Um território de chapadas, brejos e babaçuais rico em frutos nativos como, bacuri, pequi, mangaba, murici, pitomba de leite, puçá, araticum, pati, ingá, tucum, tuturubá, araçá, cajá, buriti, buritirana, pitomba, anajá, babaçu; em madeiras de lei como pau dárco, aroeira, amargoso, mama cachorro, piquiá, folha larga, camaçari, bacuri bravo, cedro e jatobá; farto ainda em plantas medicinais, como janaguba, alecrim, aroeira, jatobá, gonçalave e barbatimão que será protegido por uma lei autônoma – e de atuação nos meios jurídicos e reconhecimento civil. O assunto se alargou para outros temas ligados a reforma agrária e conflitos socioambientais na região do Baixo Parnaíba maranhense como a resistência das comunidades tradicionais contra o agronegócio do eucalipto e a violência no campo; uma vez que os moradores de Juçaral estão passando por um conflito direto com a Empresa Suzano em disputa de uma área de terra dentro do povoado, pois vale lembrar que os antecedentes históricos de luta pela terra em Juçaral é registrado desde os anos 90, quando as CEBs e agentes em defesa da Reforma Agrária daquela região derrubaram os fornos da então Empresa Maflora – que na época extraia madeira das chapadas para a fabricação de carvão vegetal.
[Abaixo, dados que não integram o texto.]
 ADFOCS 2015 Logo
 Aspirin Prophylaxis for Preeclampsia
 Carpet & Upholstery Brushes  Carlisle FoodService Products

Um dos principais objetivos do evento é conscientizar a população e levar essas audiências públicas para outros territórios de Urbano Santos e outros municípios – assim fortalecendo a luta e atuação da auto-militância das comunidades tradicionais em defesa de seus espaços de produção agrícola, extrativismo, caça, pesca e reprodução social e cultural. Independentemente de poderes públicos e da burocracia “politica do estado”. De tanto esperar, as comunidades agora resolvem criar suas próprias leis, sendo elas mesmas as protetoras e fiscalizadoras de seus territórios livres.